TASK DETAILS —
Take the line containing "На бесплатных огородах" and all lines after it, through the end of the material, and repeat them exactly, pictures left out.

RECORDED DATA —
▬▬▬▬▬▬
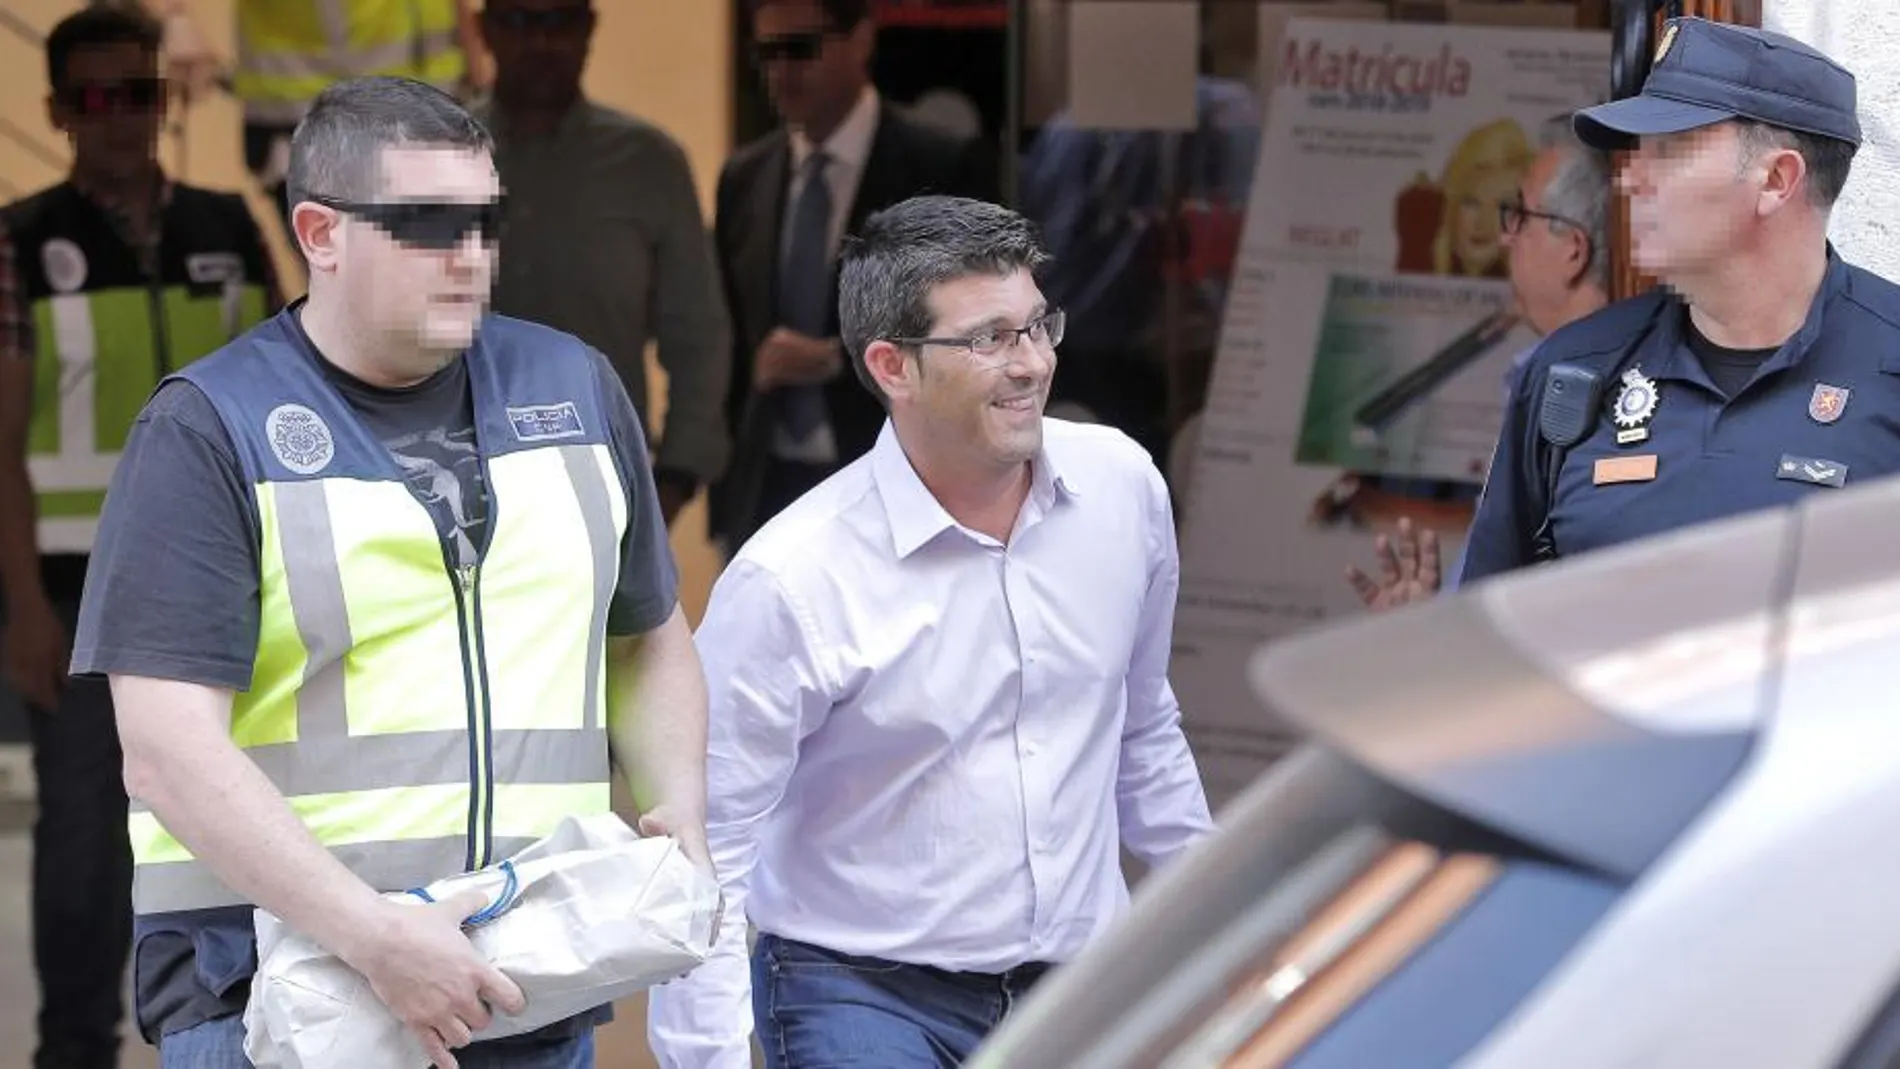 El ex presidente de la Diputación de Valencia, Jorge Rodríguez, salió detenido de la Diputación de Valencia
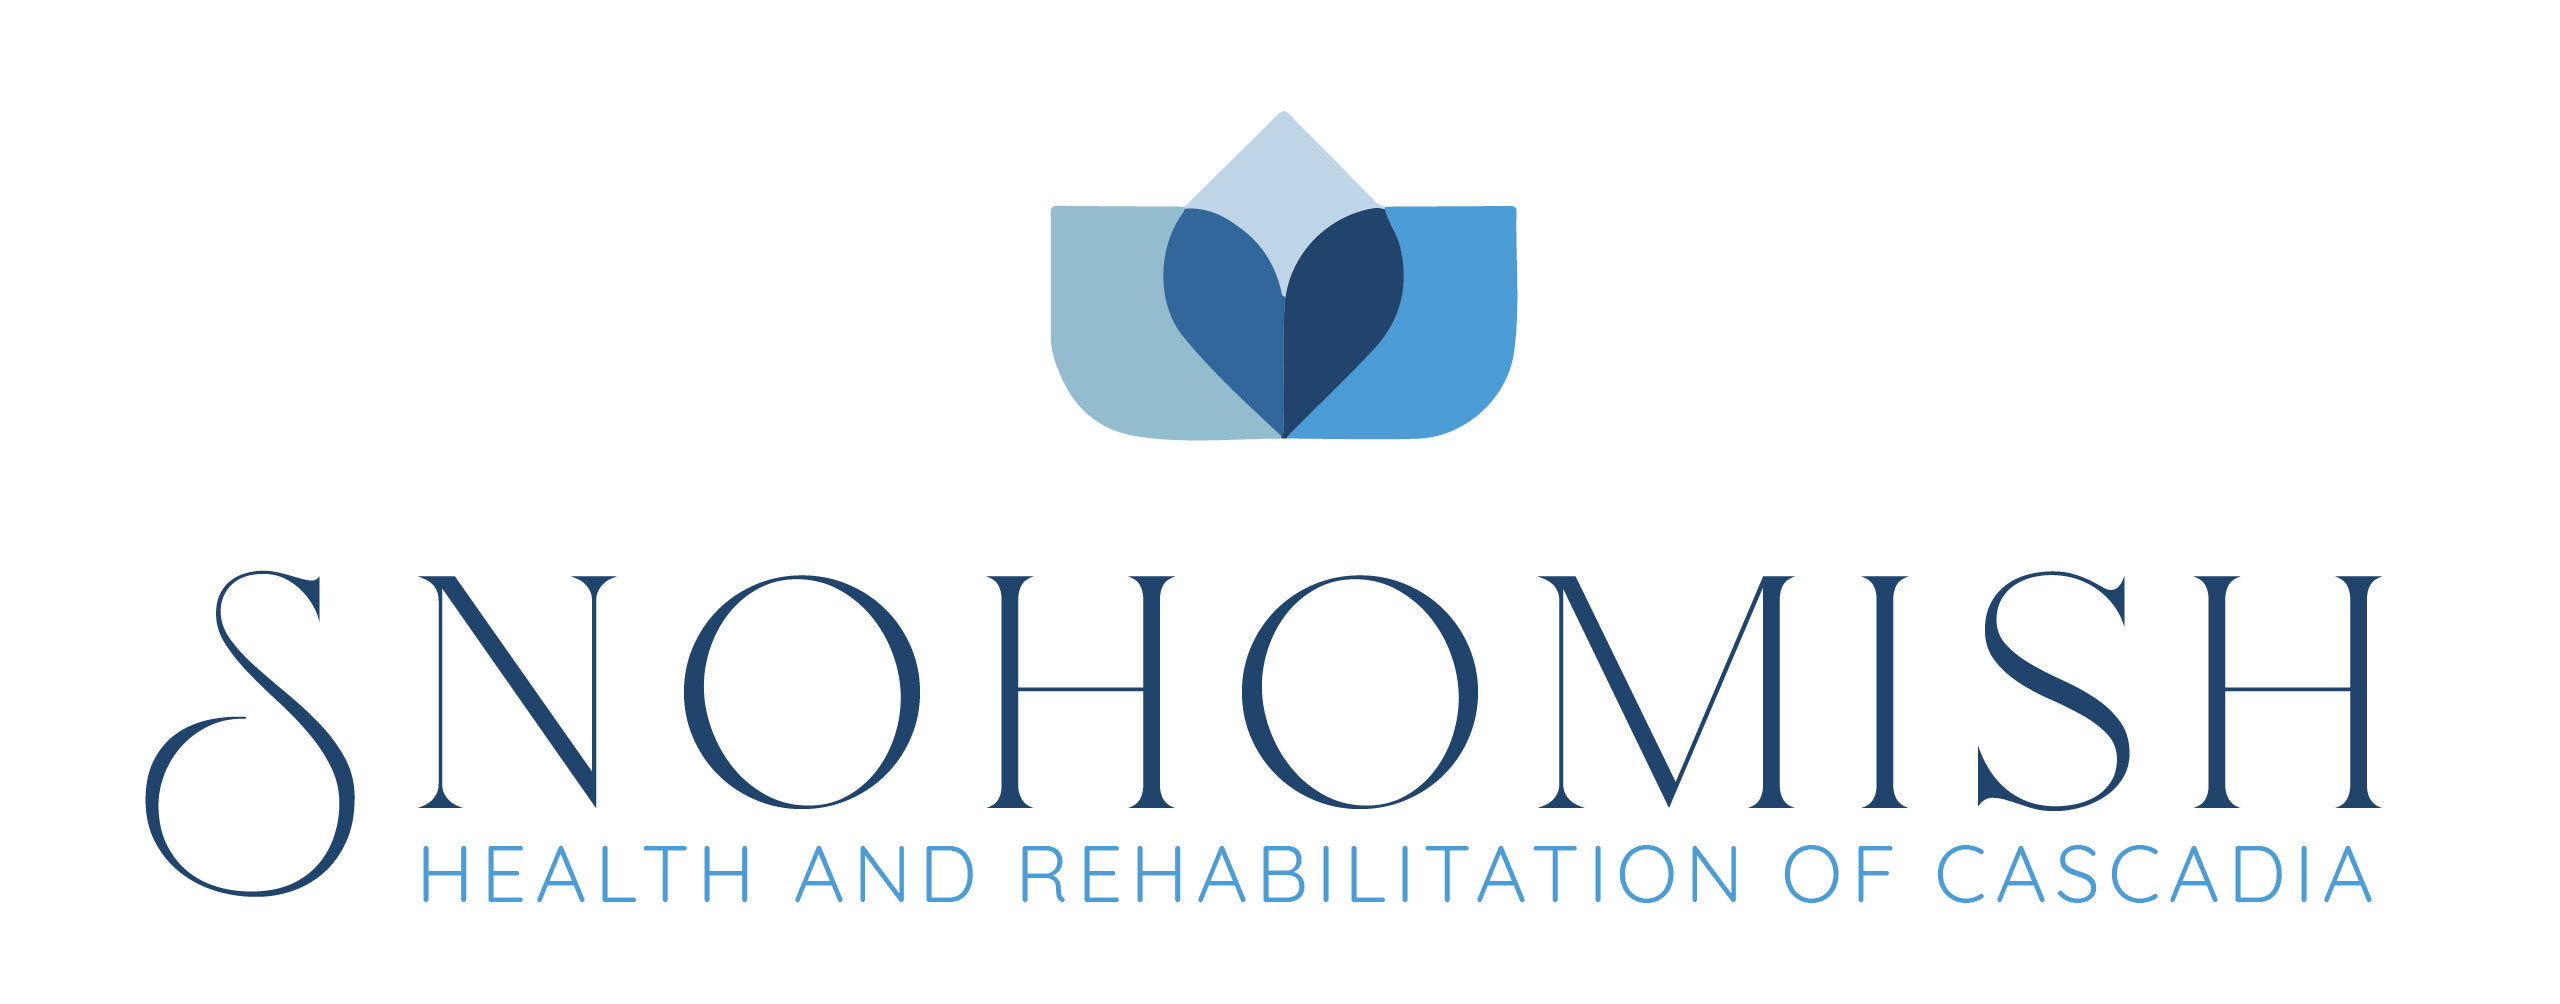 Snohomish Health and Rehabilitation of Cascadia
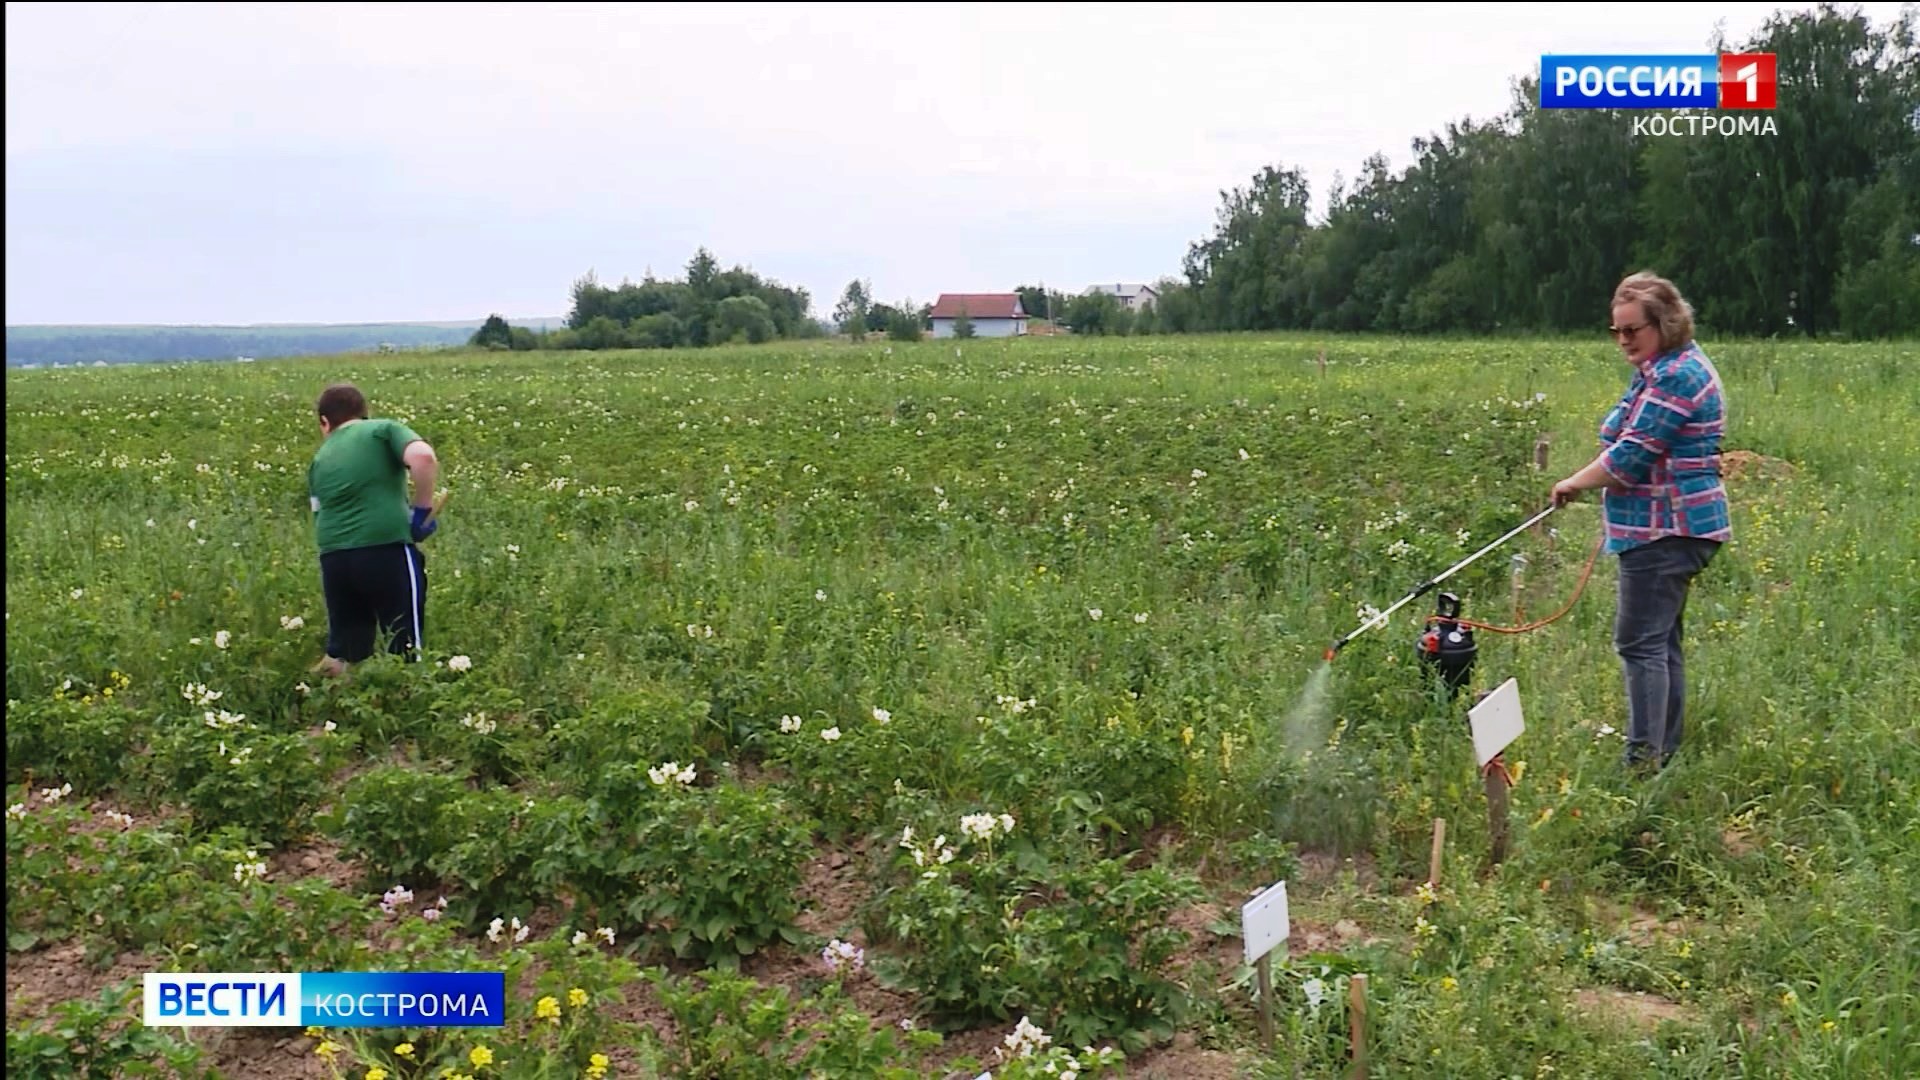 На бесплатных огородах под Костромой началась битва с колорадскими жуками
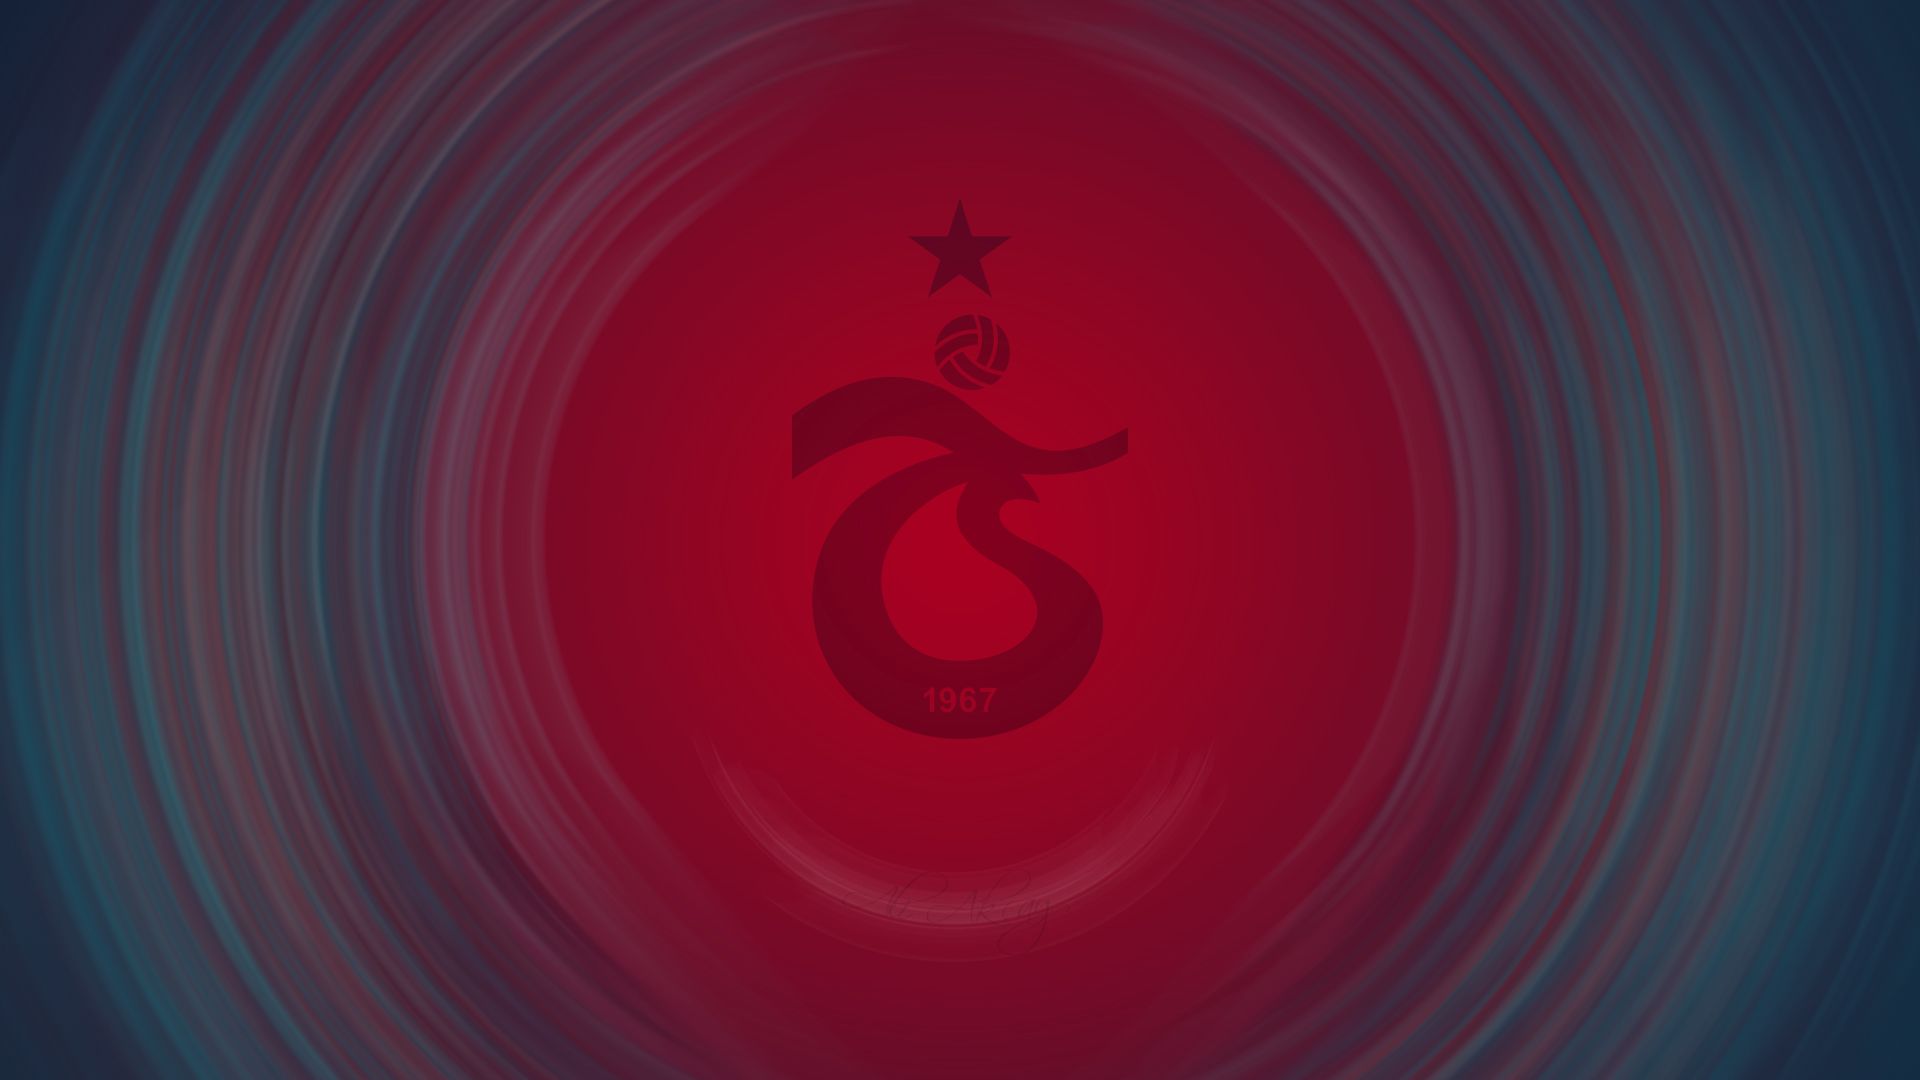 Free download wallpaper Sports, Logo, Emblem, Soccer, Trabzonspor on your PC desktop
▬▬▬▬▬▬
COMPLETED EXERCISE —
 На бесплатных огородах под Костромой началась битва с колорадскими жуками
 Free download wallpaper Sports, Logo, Emblem, Soccer, Trabzonspor on your PC desktop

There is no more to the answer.